— Мама, Гор не отдаёт мою машинку!
— Это моя машинка!
— Нет, моя!
— Мальчики-мальчики, тише, ну вы что? Разве так можно? — отодвигаю подальше ноутбук, и прижимаю к себе обоих.
— Но это моя машинка, — топает ногой Арсен.
— Мояяя.
— У вас же целая полка этих машинок, поиграйте этой по очереди.
— Не хочу по очереди. Отдай, — Арсен выхватывает из рук Гора игрушку, и младший начинает громко плакать из-за того, что пластик вспорол ему кожу.
— Арсен, так нельзя. Ты поранил брата. Дай сюда мне эту машинку. За то, что вы не можете ее поделить, я ее просто у вас заберу. Отдам, когда договоритесь играть по очереди.
Прячу подаренный Тиграном Армановичем спорткар, а потом обрабатываю хлоргексидином рану Гору.
Пока вожусь с ними, забываю о том, что поставила на плиту мясо, и вспоминаю только, когда из кухни доносится насыщенный запах гари.
— Боже, — со всех ног мчусь туда.
Воздух пропитался вонью, из сковороды валит дым. Быстро выключив конфорку, переставляю сковороду на подставку и поднимаю крышку.
На черном дне вместо сочного мяса прижаренные куски несъедобного «чёрти чего».
Да что же это такое?
Недоблюдо отправляется в мусорку.
В зале снова начинают ругаться мальчики, а у меня нервы натягиваются канатами.
Бессилие накатывает волной и хочется плакать.
Я ничего не успеваю. Буквально ни-че-го. Зимняя сессия на носу. В понедельник мне нужно сдать доклад на тему «Техника и технология пищевых производств». Из написанного у меня только план.

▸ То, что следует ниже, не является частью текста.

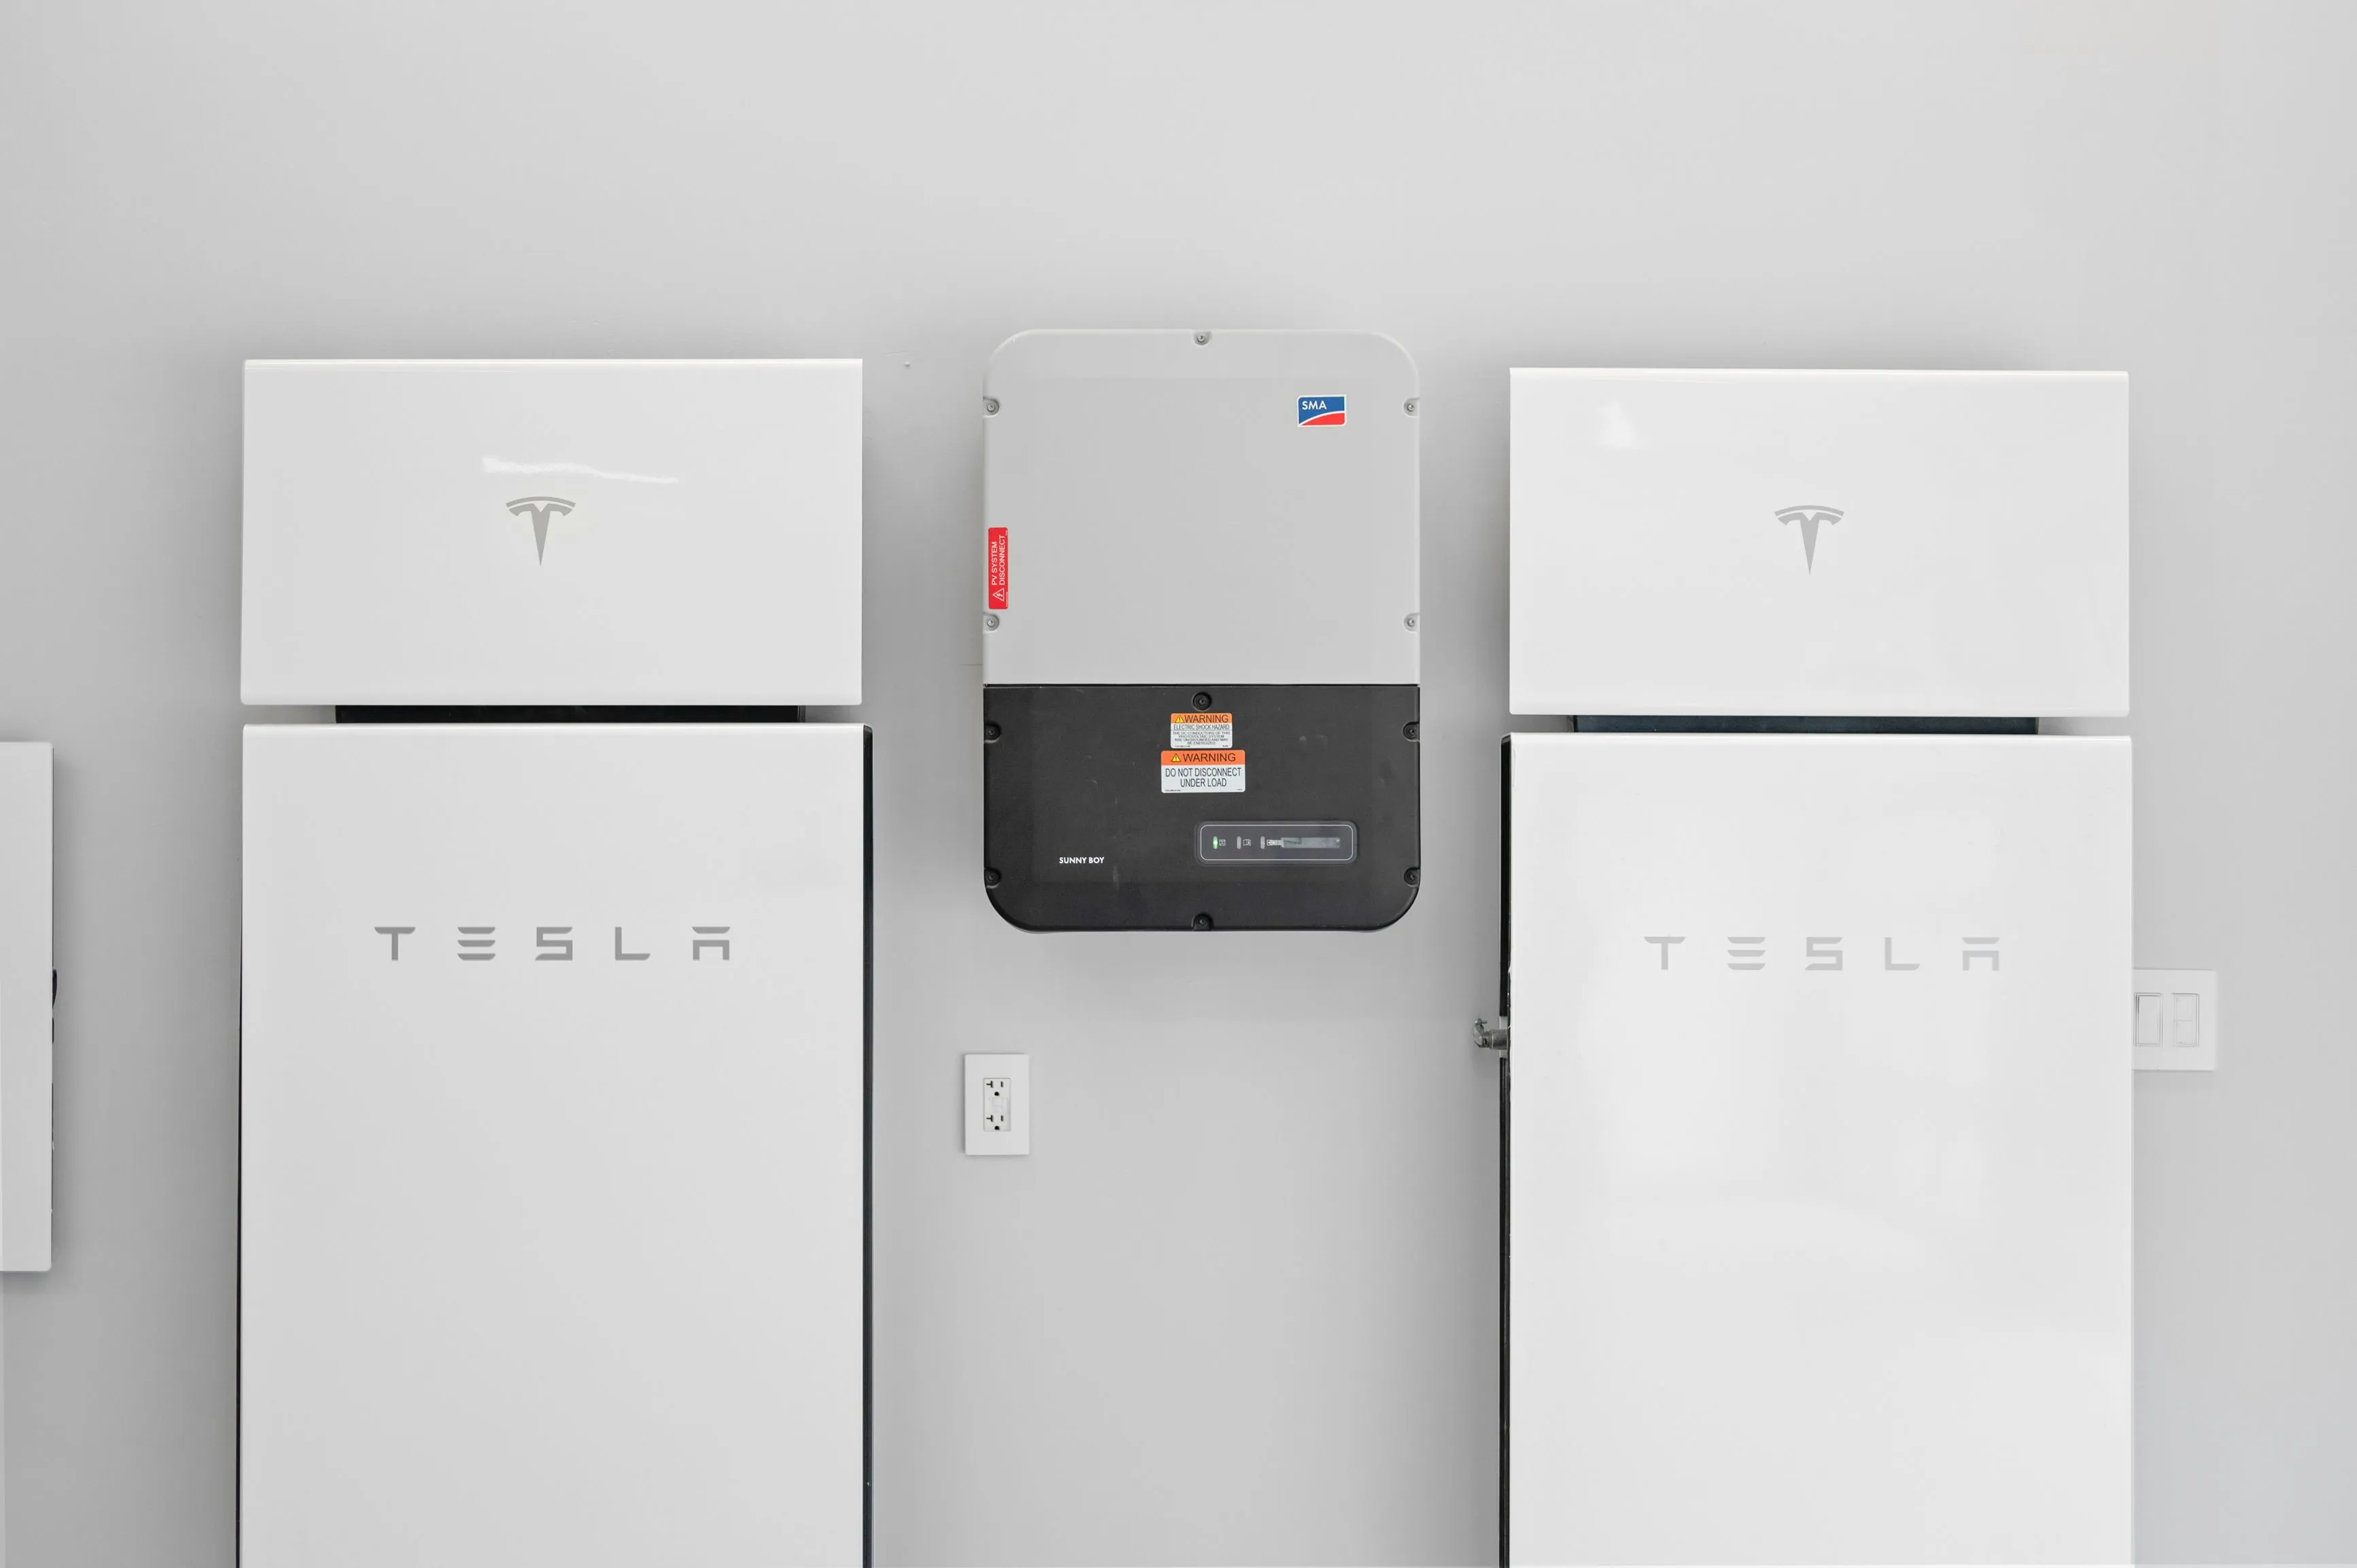 Wall-mounted Tesla Powerwalls and Solar Inverter in a clean, organized home energy setup.

Давид вот-вот приедет, его самолет приземлился час назад, я же могу накормить его только пюре, которое сварила Катерина, и вчерашними котлетами. Я думала оставить их для мальчиков, чтобы не готовить, а Давиду собиралась сделать гуляш.
Сделала…
Господи, раньше я столько всего готовила, что можно было накормить всё большое семейство. А теперь даже банальное мясо поджарить не в состоянии.

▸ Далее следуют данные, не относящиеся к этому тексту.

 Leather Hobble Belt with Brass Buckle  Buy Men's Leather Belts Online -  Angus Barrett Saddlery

В коридоре щелкает замок и вместе с этим звуком я как будто ломаюсь. Не успела…
— Привет, — звучит под аккомпанемент голосов мальчишек.
Они бегут к отцу, наперебой жалуются ему друг на друга, он что-то отвечает.
А я спешно делаю несколько глубоких вдохов, стараясь взять себя в руки. Показываться Давиду в таком состоянии не хочу. Больше при нём я не плачу, чтобы не выглядеть слабачкой и «тряпкой». Всё равно мои слезы не помогают. Столько я их выплакала, а толку? Давида они не трогают, отношения между нами не меняются. А видеть его полный жалости взгляд — больно. Слишком он унизительный. Пусть лучше он говорит со мной на равных эмоциях, чем так… как тогда ночью, когда сказал, что не хочет меня.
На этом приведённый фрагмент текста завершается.